Looking Forwards

 Every year I am terrified and dread the 6 weeks holidays but going forward I actually feel really lucky.

Why you ask?
I get to have mini lockdown every year without the awful home learning.
For me, the great thing about lockdown has been that everything has been simplified.
Finally, everyone has been on a equal playing field to me (no one could do things easily etc). I hope it will give everyone in the future a greater understanding of what things are like...
Normally I am panicking about the 6 week holidays and thinking poor me, what am I going to do! Not now, 6 weeks is nothing - I have got this.
"We have such little time with our children" a friend said at the start of lockdown "we won't get this time again." I didn't realise at the time that lockdown life would be just like my non lockdown life, so I do and I will get this time again! Yay!!
I was starting to feel really upset that everybody's life is going back to 'normal' and I get to watch - suddenly I am back to being alone on this playing field.
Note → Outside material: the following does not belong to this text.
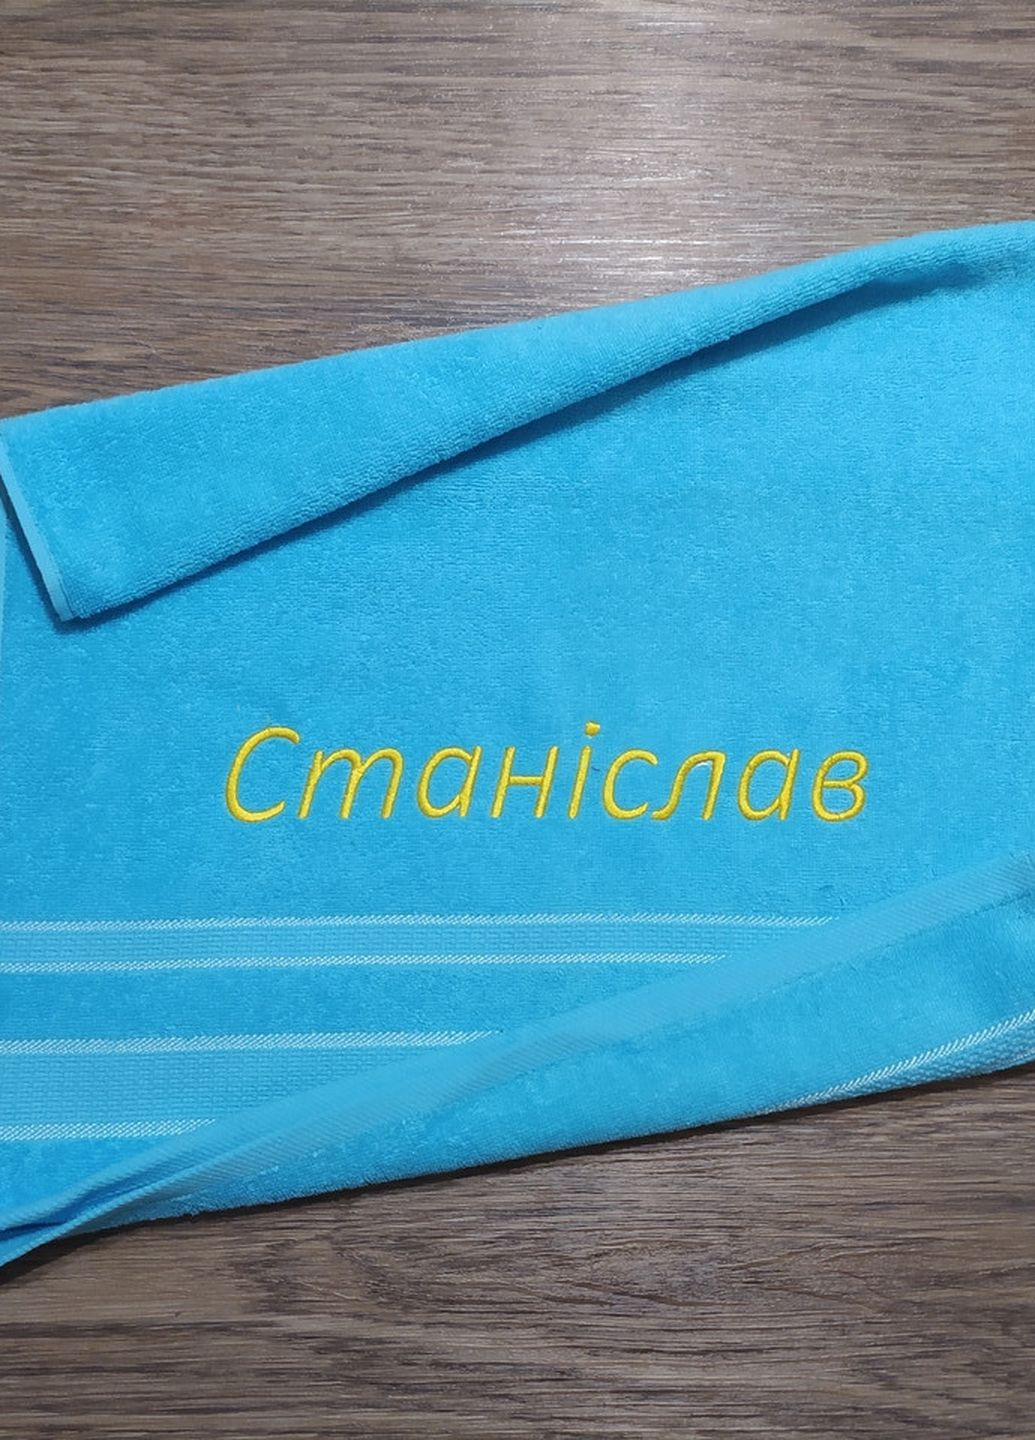 No Brand рушник з іменною вишивкою махровий для обличчя 50*90 блакитний станіслав 03765 однотонний блакитний виробництво - Україна

However since realising that I get to have this time every holiday, albeit for a lot less actual time, I don't mind anywhere near as much.
I know some people hated lockdown life but you get used to it - I did…
I absolutely love having my children at home doing somewhat educational activities but on my terms. Of course I would rather not have any experience parenting whilst restricted, but I do.
I have to see the positives. Recently, that has been helping as many parents as possible through using my experience.
I threw myself into distributing resources I already had and coming up with new ones. Focusing on my blog and helping others parents, in a really selfish way, helped me. I am at my best if I am busy and I was definitely busy!!
For the most part we are/have been happy but we have had our meltdowns (I have occasionally been known to frequent the toilet to sob after I have asked a zillion times for something) and I have drunk copious amounts of Gin.
A huge positive from lockdown for me is hopefully more things will be available virtually. For example, meetings with teachers hopefully I won't actually have to go in unless it is very serious.
Another example of virtual things working in my favour is I did a parenting course over zoom, every Wednesday for 5 weeks.
Normally, it would have been open to me, but practically I wouldn't have been able to go. Before I became disabled, I loved taking courses like this and I wouldn't have thought twice about how many people would be on a course; how I could access it and whether there will be a suitable toilet. Yet these days, these are all the things that I worry about. It's just easier not to take part!
I was going to have big difficulties looking around secondary schools for my daughter, I still might. Despite really wanting to go, I won't get to go realistically unless it is virtual. I am therefore really hoping that they will have virtual tours of secondary schools.
Hopefully I'll be no different from everyone else (which is all I want). I don't like the idea of everyone else getting a 'real' tour and me having to be grateful for what I can get…so we'll see.
Back in March I posted a time table which we followed religiously and it really worked for us. Structure was key for us. Although everyone is different and I think we all deserve a huge pat on the back for just surviving.
Overall, I'm very impressed that we got through to September with minimal help (being disabled) and my husband having (suspected) Coronavirus back in April.
Yay us all - bring on future holiday's now.